▸ **INFORMATION PROVIDED**
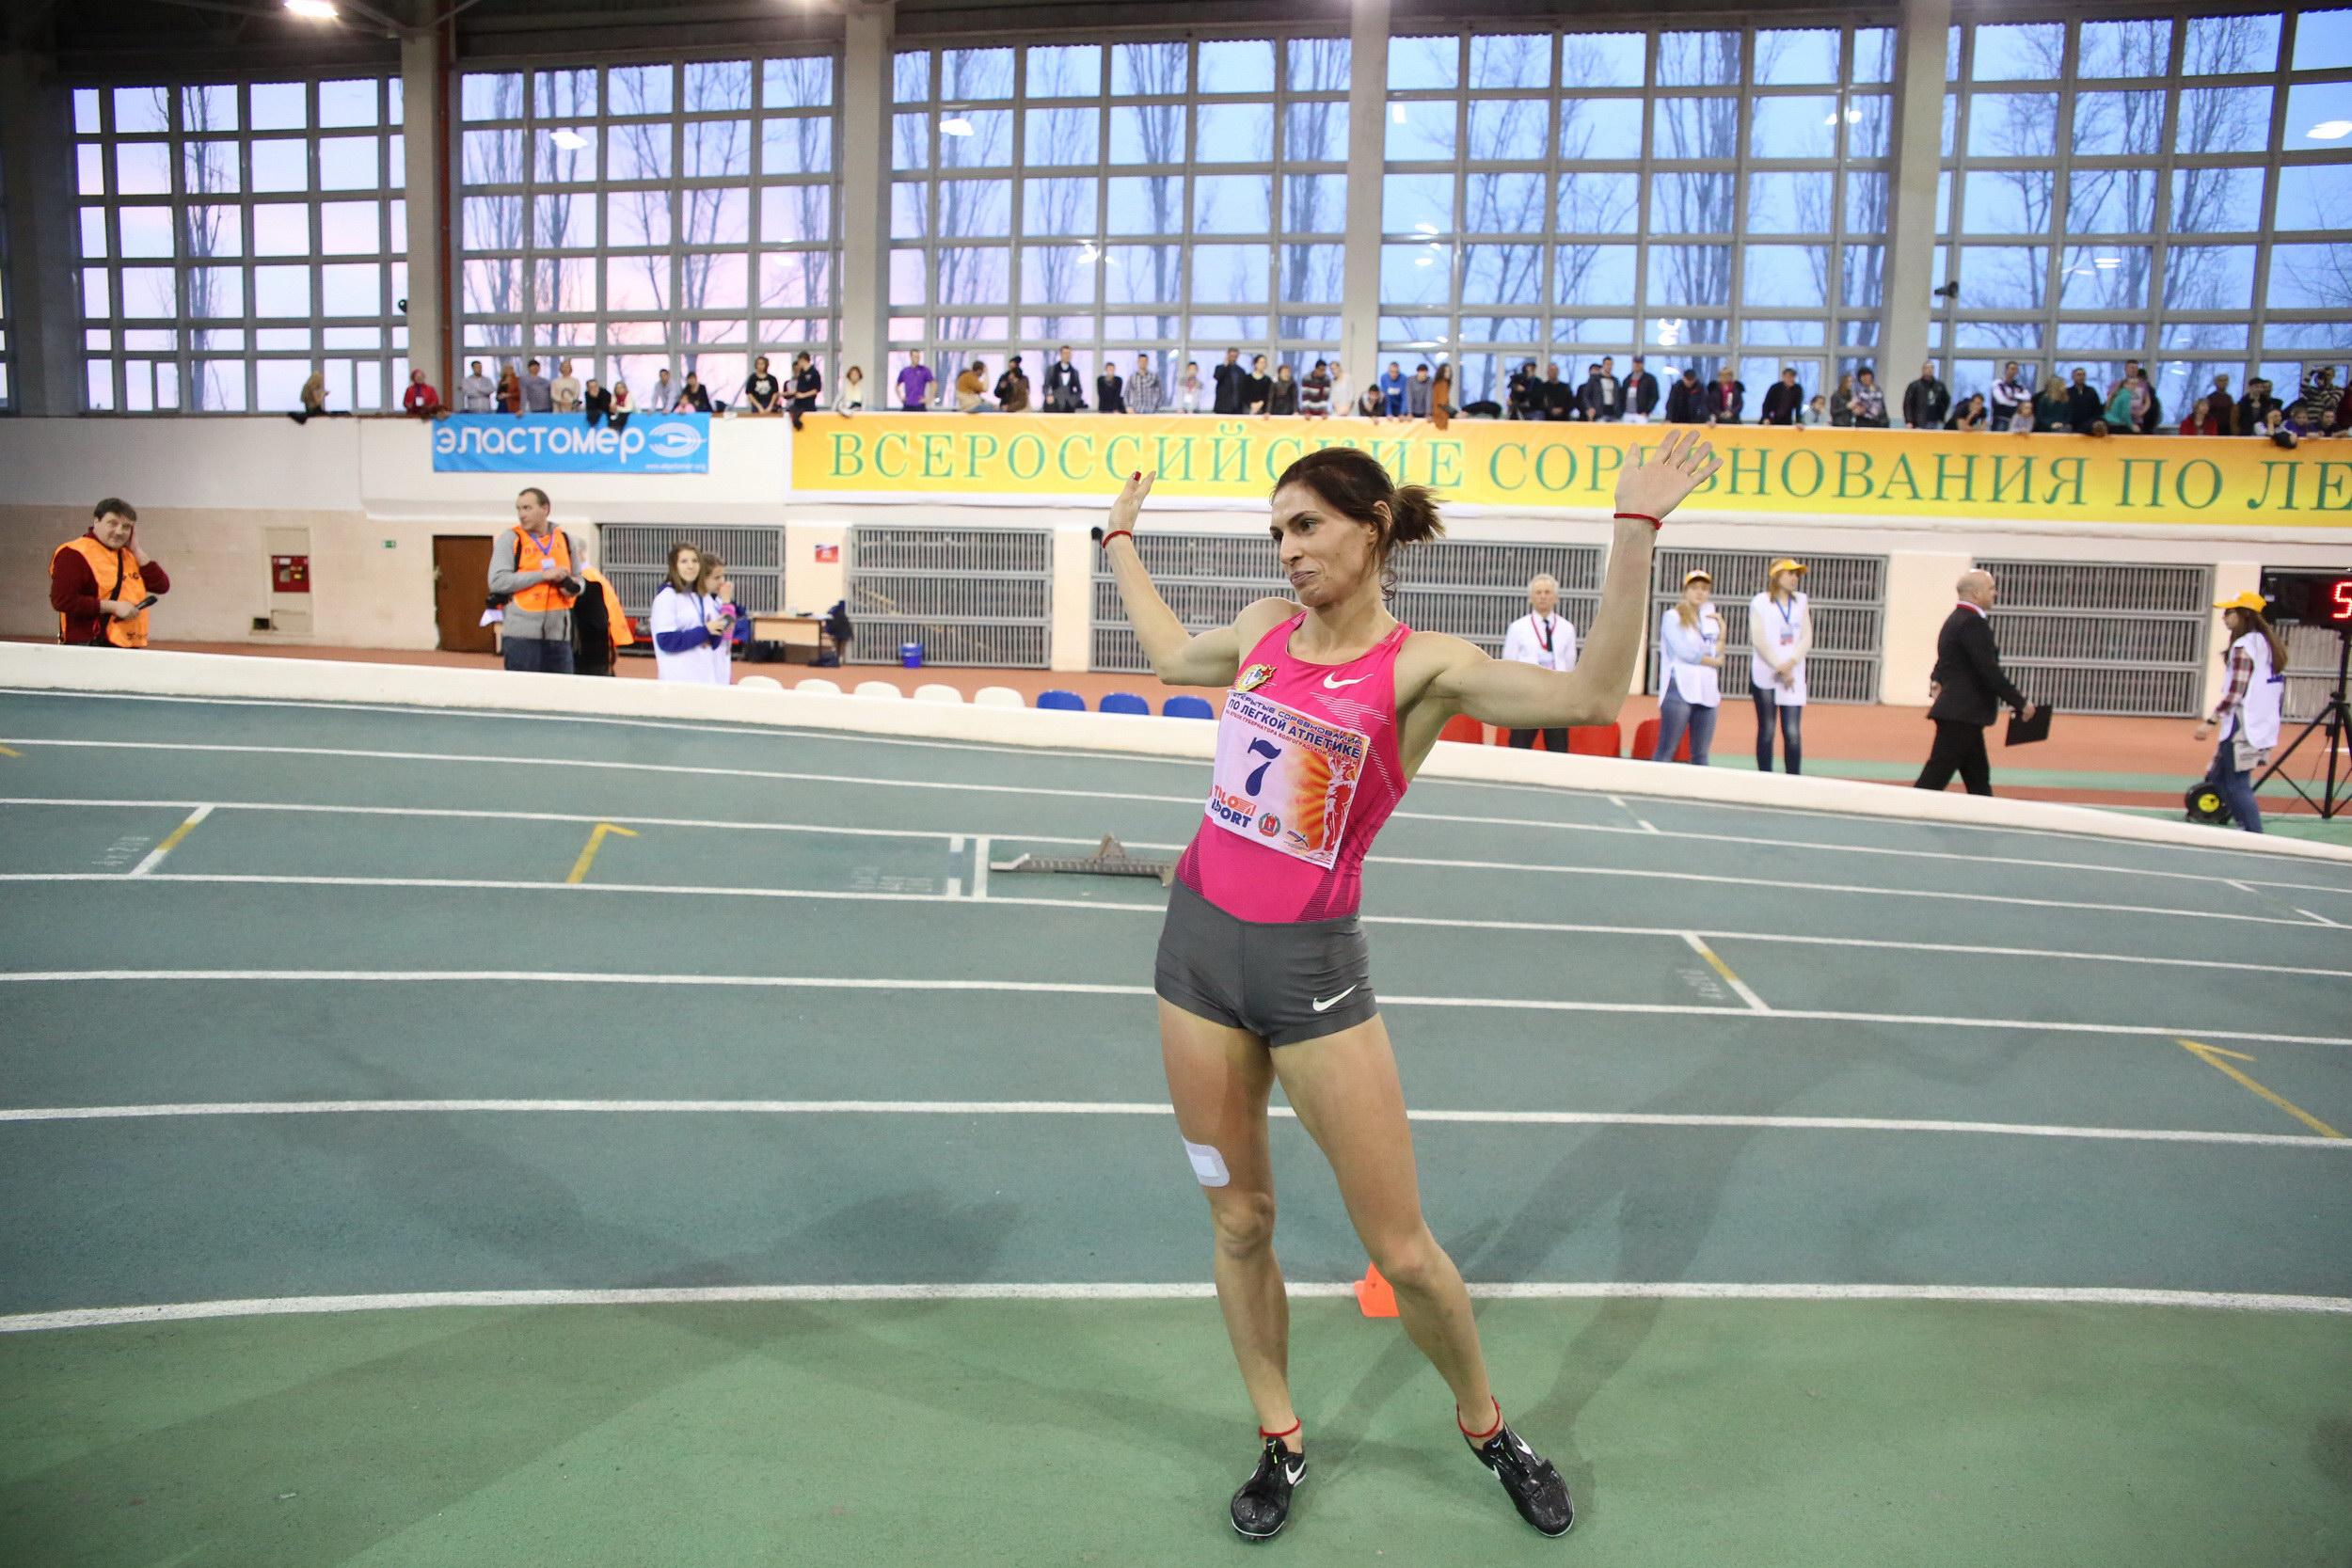 Лучшие легкоатлеты РФ боролись заКубок губернатора Волгоградской области
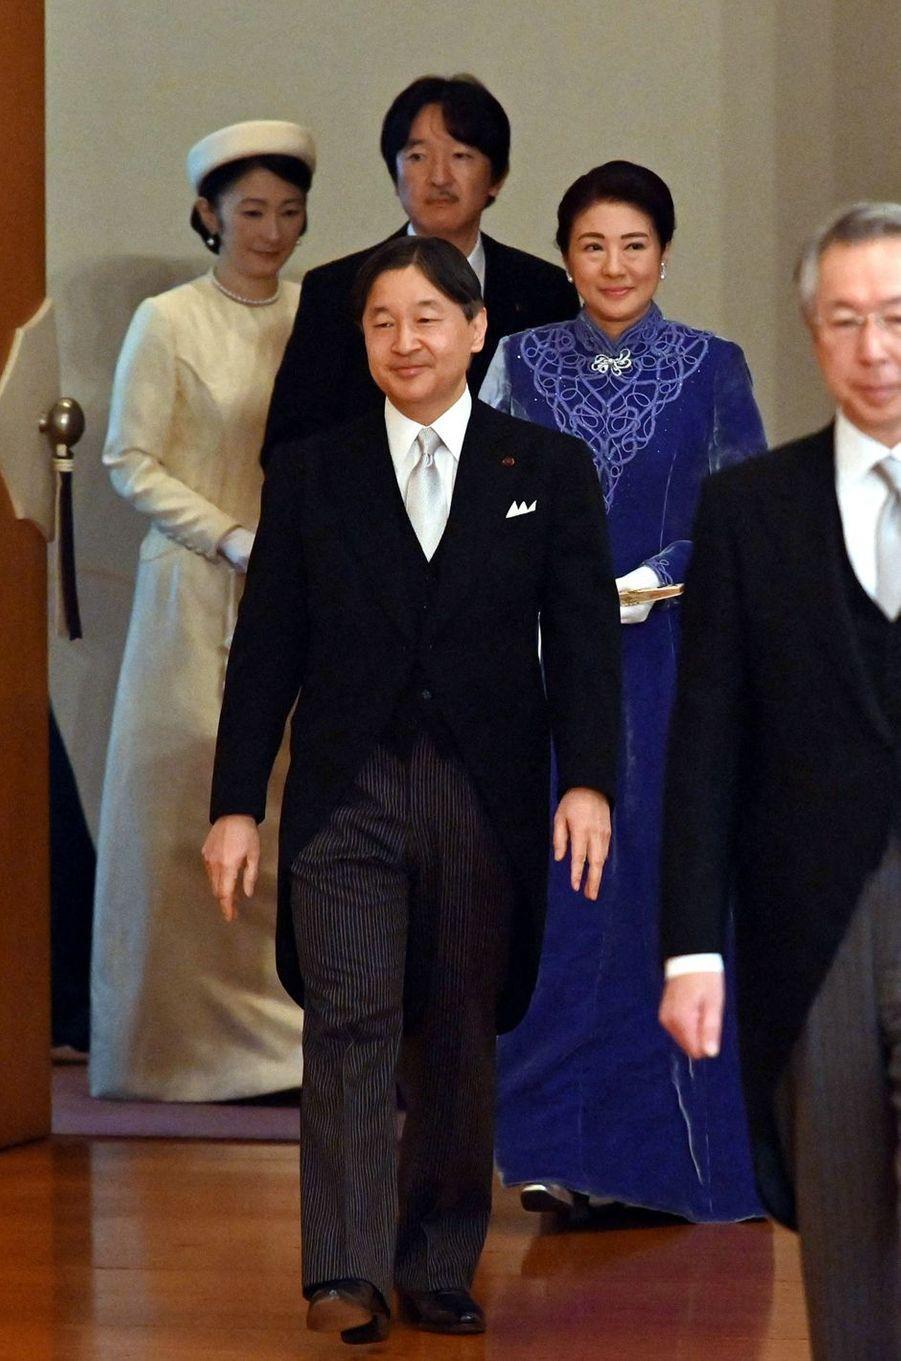 L'impératrice Masako et l'empereur Naruhito du Japon avec le prince Akishino et la princesse Kiko à Tokyo, le 16 janvier 2020
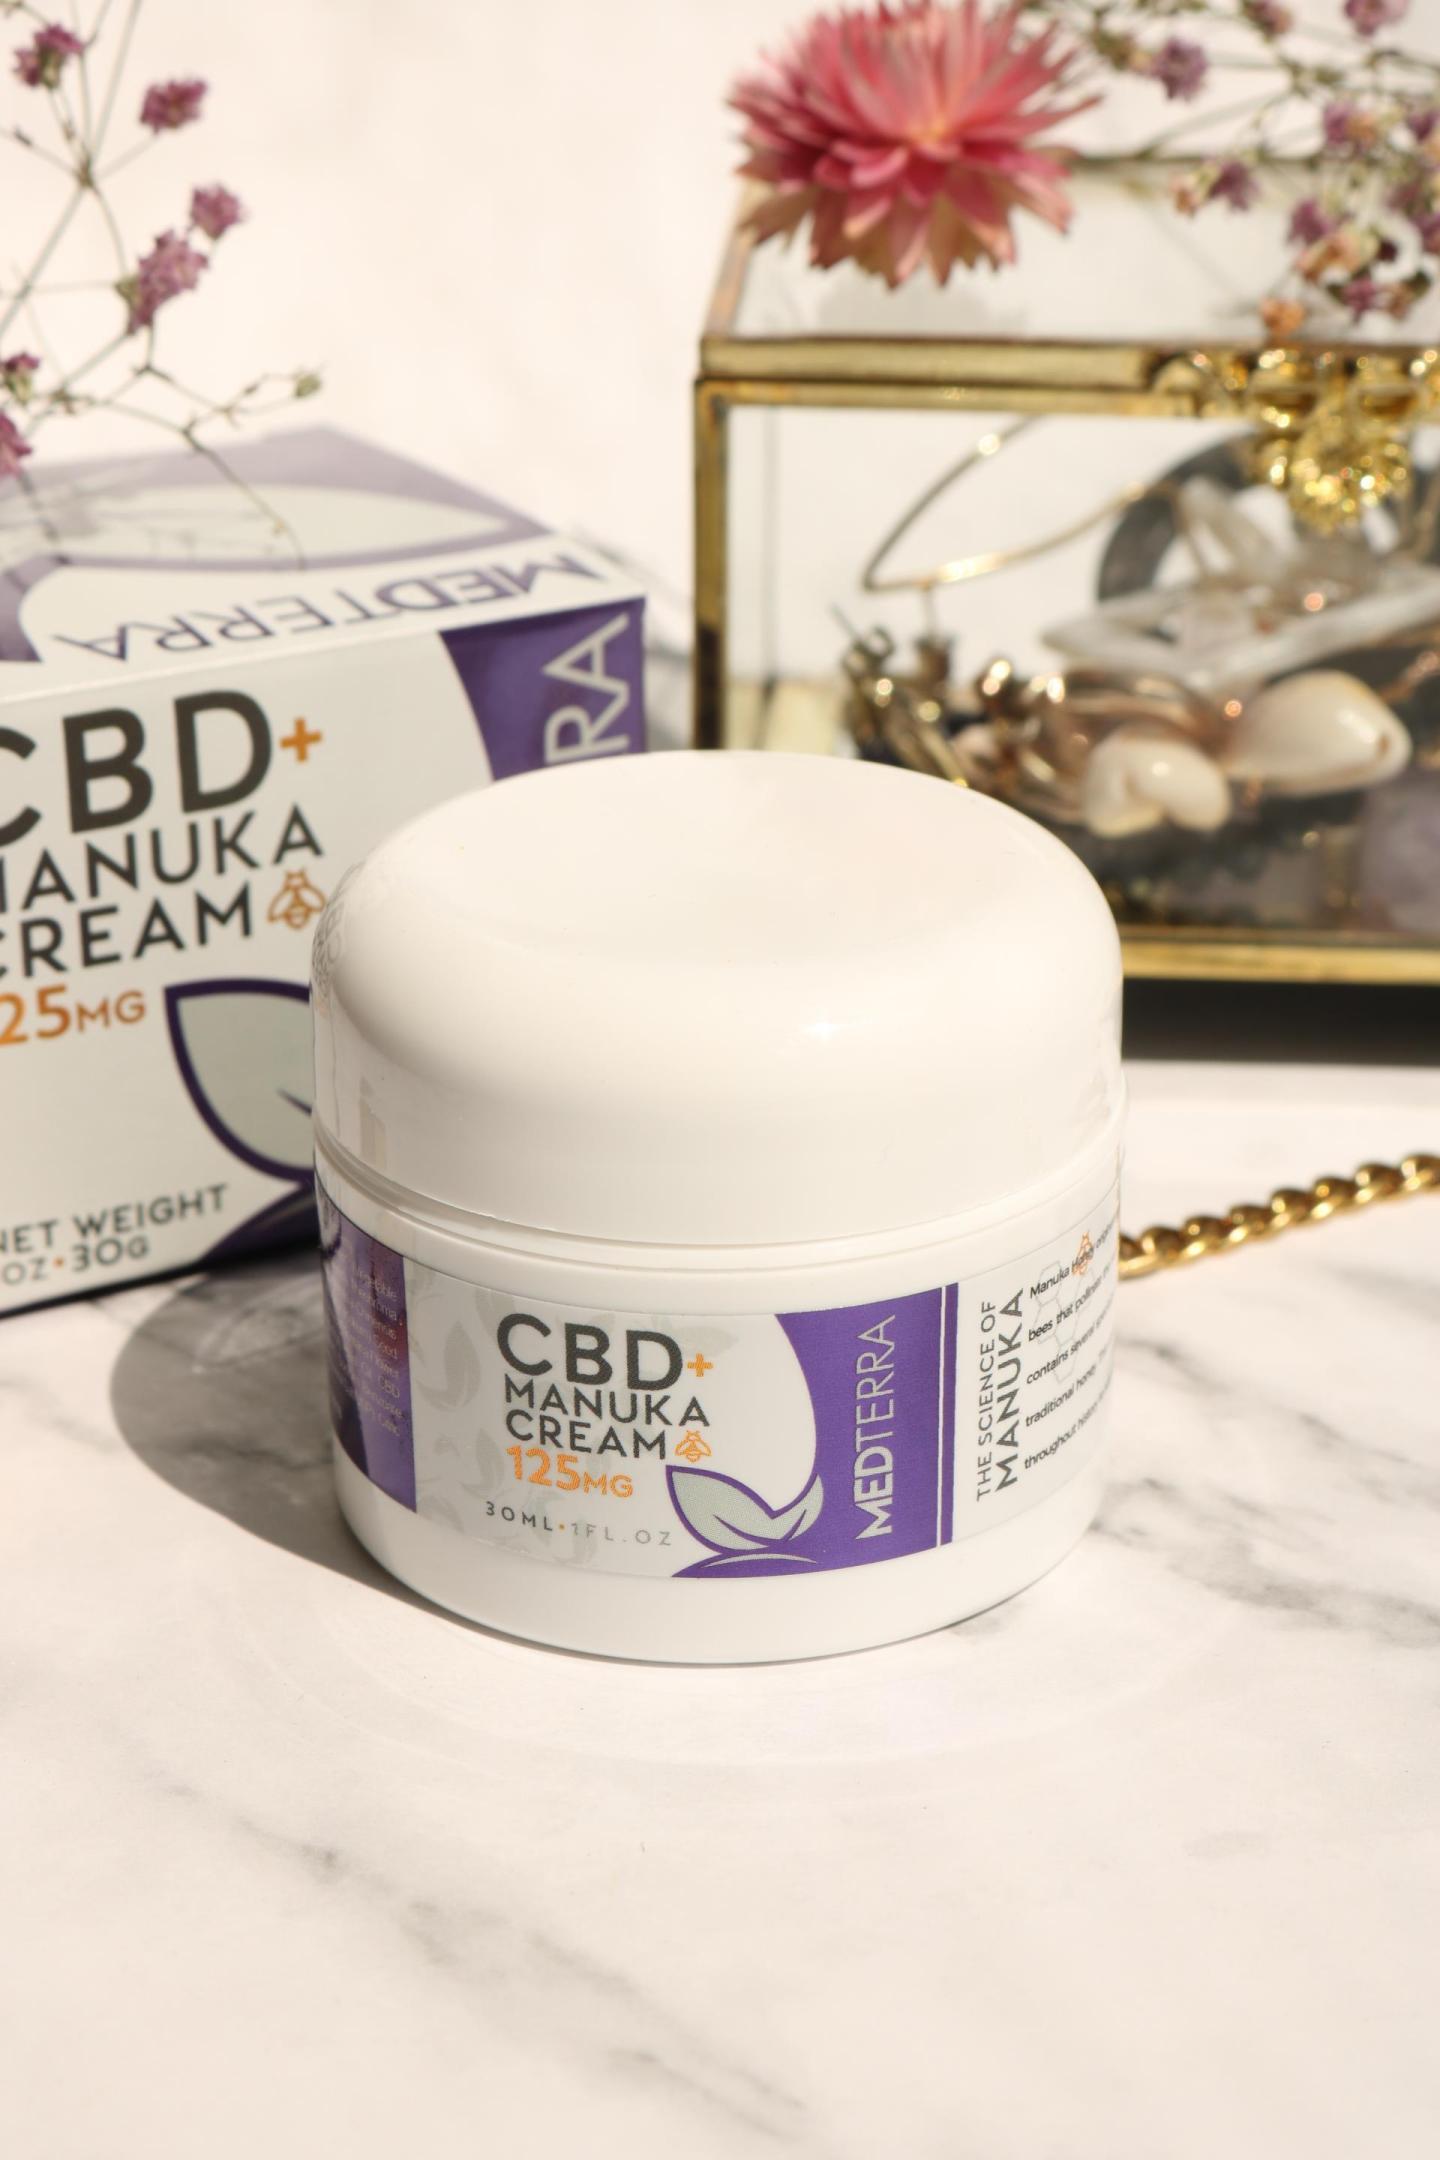 Medterra CBD Manuka Cream

▸ **HOW TO COMPLETE THIS TASK**
Print each line of the listing exactly and include no pictures.

▸ **EXERCISE ANSWER**
 Лучшие легкоатлеты РФ боролись заКубок губернатора Волгоградской области
 L'impératrice Masako et l'empereur Naruhito du Japon avec le prince Akishino et la princesse Kiko à Tokyo, le 16 janvier 2020
 Medterra CBD Manuka Cream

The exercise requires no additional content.